Lessinia d’argento per la miglior regia è stato il film a soggetto “Las niñas Quispe / Le sorelle Quispe” (Cile – Francia – Argentina, 2013) di Sebastián Sepúlveda. Questa la motivazione: “Con una sceneggiatura forte, costruita con pochissimo testo, e la totale assenza di musica, il regista riesce a tratteggiare un potente ritratto psicologico delle tre protagoniste. La loro sofferenza diventa la sofferenza stessa degli spettatori. Nella vastità del paesaggio, l’unica salvezza sembra essere lo spazio chiuso della loro povera dimora e la loro scelta estrema. Un film che obbliga a riflettere sui rapporti familiari, sull’intromissione di pressioni esterne, sulla vita e sulla morte”.  La giuria internazionale ha voluto esprimere inoltre una considerazione sul futuro della rassegna cinematografica di Bosco, di cui è direttore artistico Alessandro Anderloni. “Il Film Festival della Lessinia è diventato, in Europa e nel mondo, un punto di riferimento per i film riguardanti la vita in montagna. C’è una voce che vuole raccontare queste storie e che ha bisogno di un luogo dove farlo. Senza il Film Festival della Lessinia, dove parlerà il mondo della montagna? Questo Festival è cresciuto artisticamente a livello internazionale. Auspichiamo che trovi una pari crescita finanziaria e organizzativa”.

Il Festival premiato alla Mostra Internazionale del Cinema di Venezia. Nei giorni scorsi, al Film Festival della Lessinia è stato assegnato un riconoscimento speciale “per i suoi vent’anni di attività artistica viva e feconda per le nostre Terre” su segnalazione di “Log to green, sustainability vision – International program for development and certification sustainable events” e nell’ambito delle attività del “Green Drop Award”, premio collaterale dedicato all’ambiente e alla cooperazione fra i popoli istituito da Green Cross Italia e riconosciuto all’interno della Mostra Internazionale di Arte Cinematografica di Venezia. La premiazione si terrà giovedì 4 settembre, alle 16.30 nella Sala della Fondazione dello Spettacolo – Hotel Excelsior al Lido di Venezia nell’ambito della Mostra del cinema. Il riconoscimento sarà conferito al direttore artistico del Festival, Alessandro Anderloni, nel corso del workshop “La Green Economy per il cinema”, dove verrano segnalati casi virtuosi di attività cinematografiche atti a preservare l’ambiente e a promuovere territori, come nel caso del Film Festival veronese.
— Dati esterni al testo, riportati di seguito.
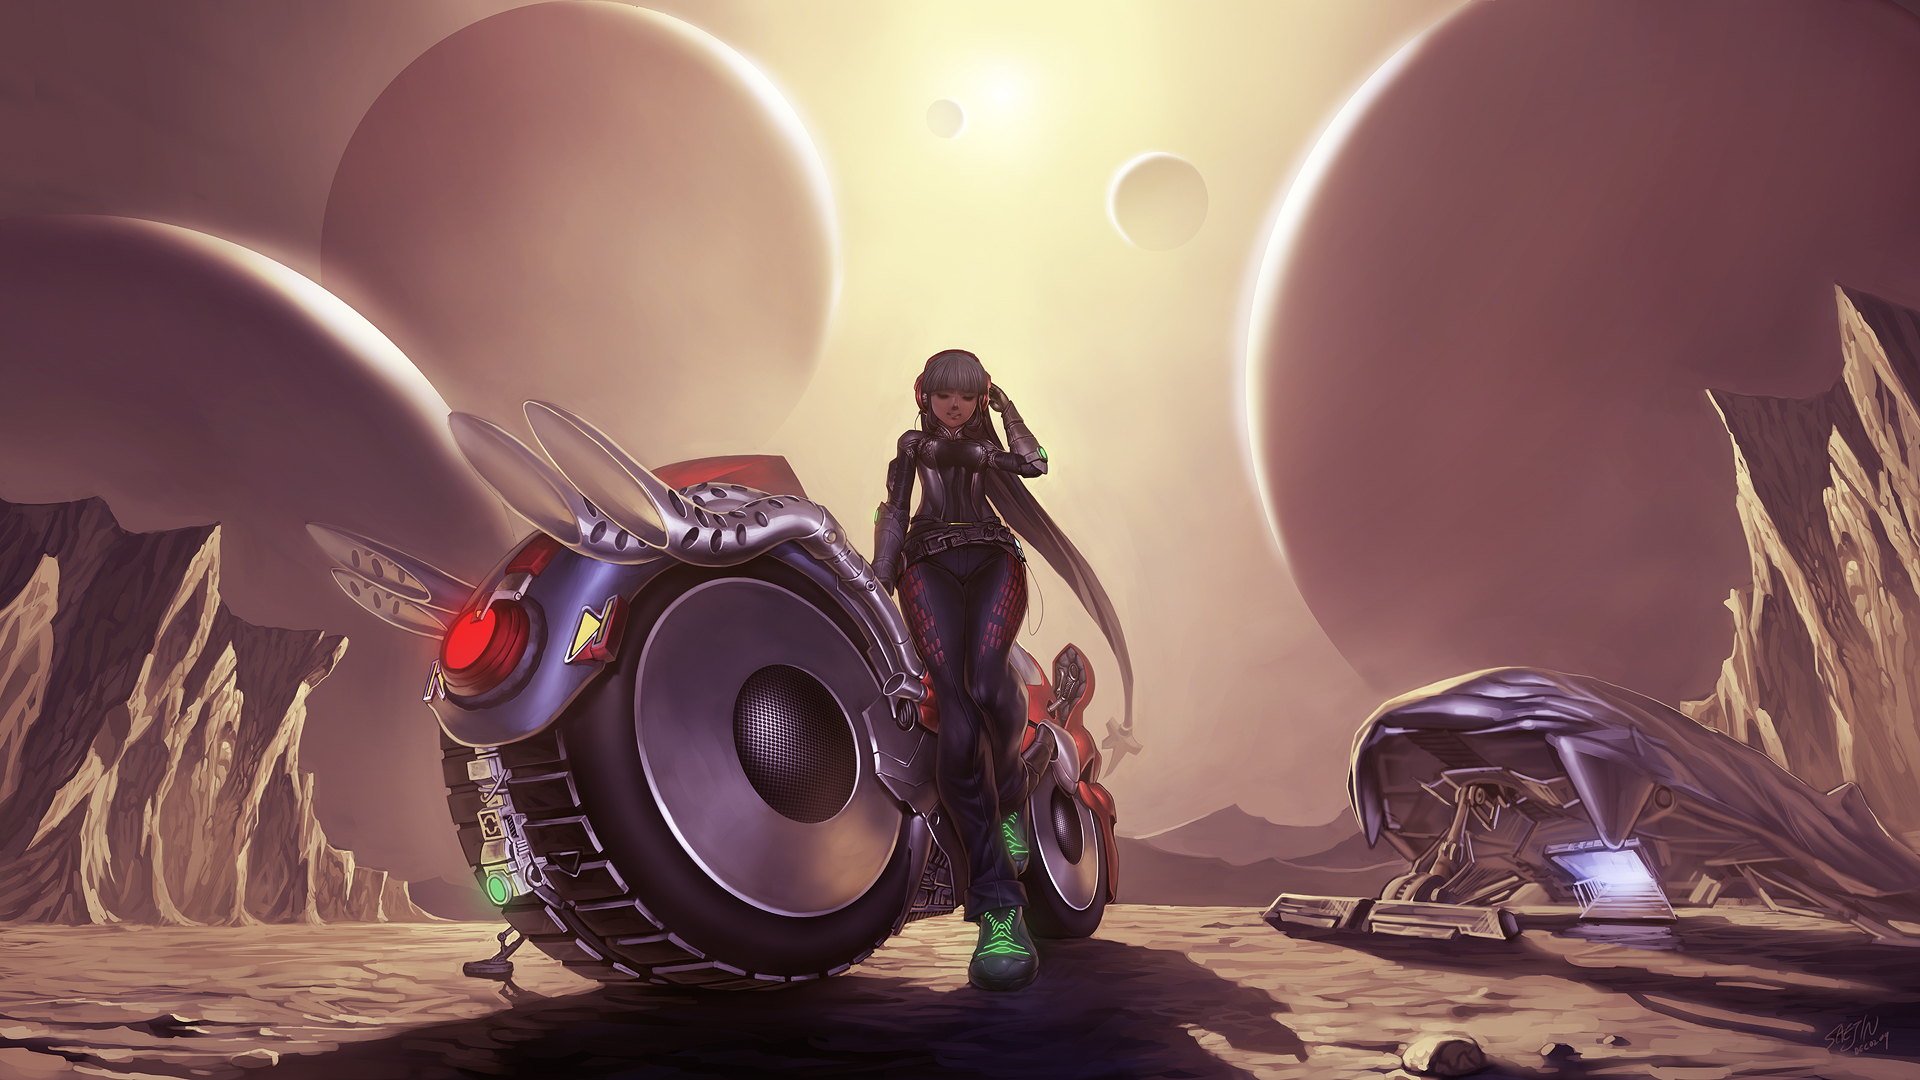 Wallpaper Motorcycle Blonde Girl Alien Planet - Concept Art Spaceship Fantasy Art - HD Wallpaper 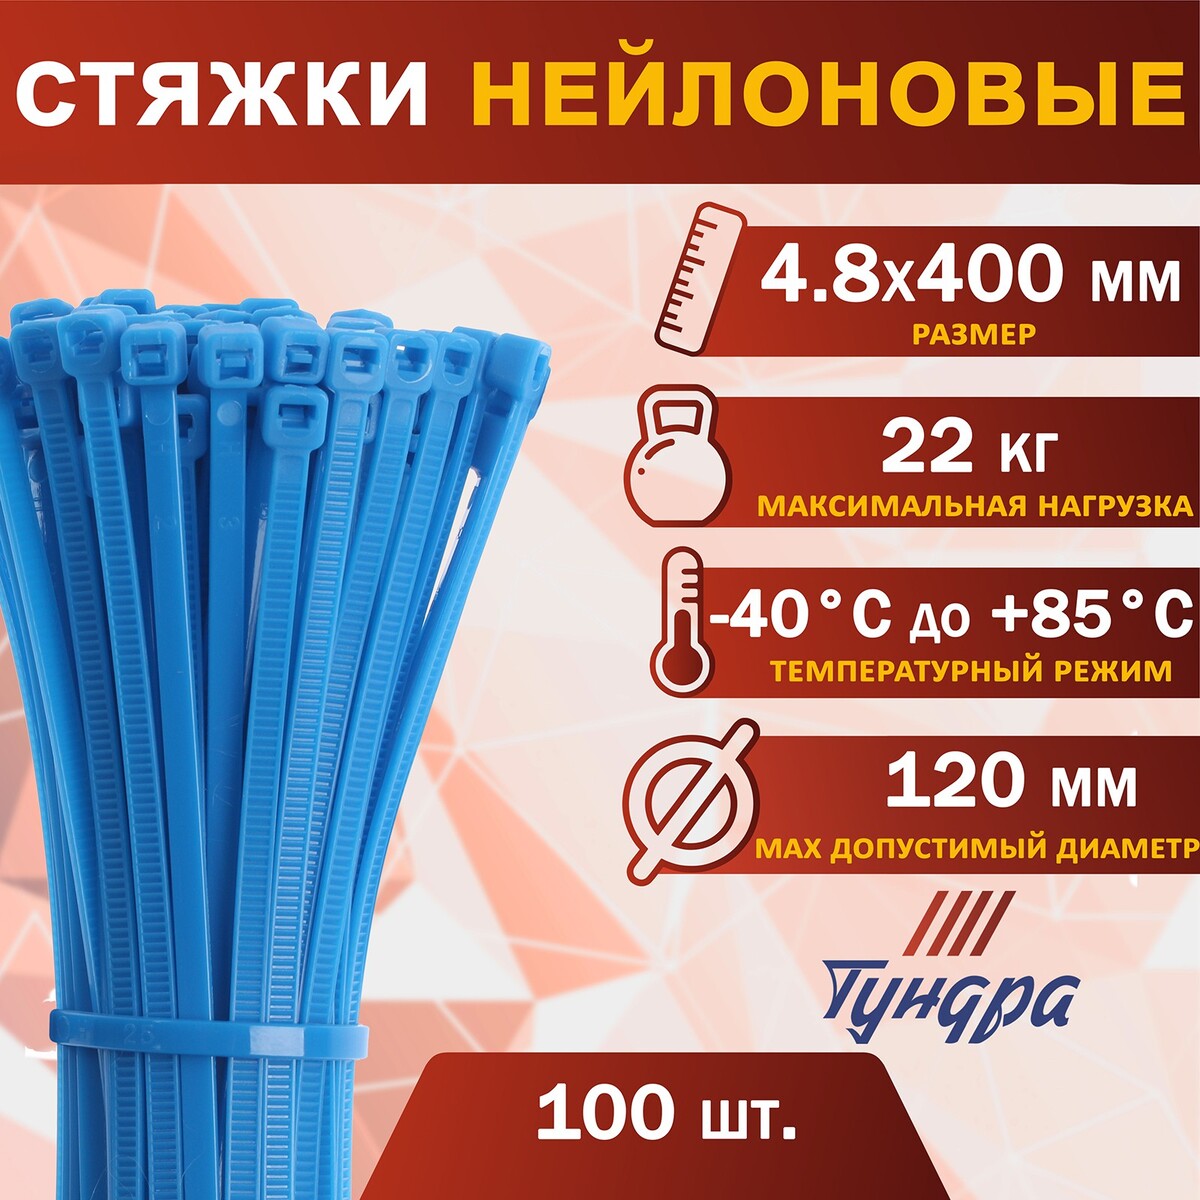 Хомут нейлоновый тундра krep, для стяжки, 4.8х400 мм, цвет синий, в упаковке 100 шт.

Premiato anche un film in cui si parla di pastori. Il Premio della giuria è stato consegnato a “Capo e croce, le ragioni dei pastori” (Italia, 2013) di Paolo Carboni e Marco Antonio Pani. Opera cinematografica, secondo la giuria internazionale, “che documenta lo scontro violento tra i pastori e le forze dell’ordine. È un film coraggioso, che dà voce alla lotta per la sopravvivenza del mondo rurale contro la distruttiva globalizzazione, come fosse lo scontro di Davide contro Golia. Gli autori hanno saputo compiere una notevole indagine emotiva nelle vite dei pastori, dando loro voce e presentando storie totalmente ignorate dai media. Un documentario militante che la giuria vuole premiare per il suo importante messaggio di una nuova Resistenza”.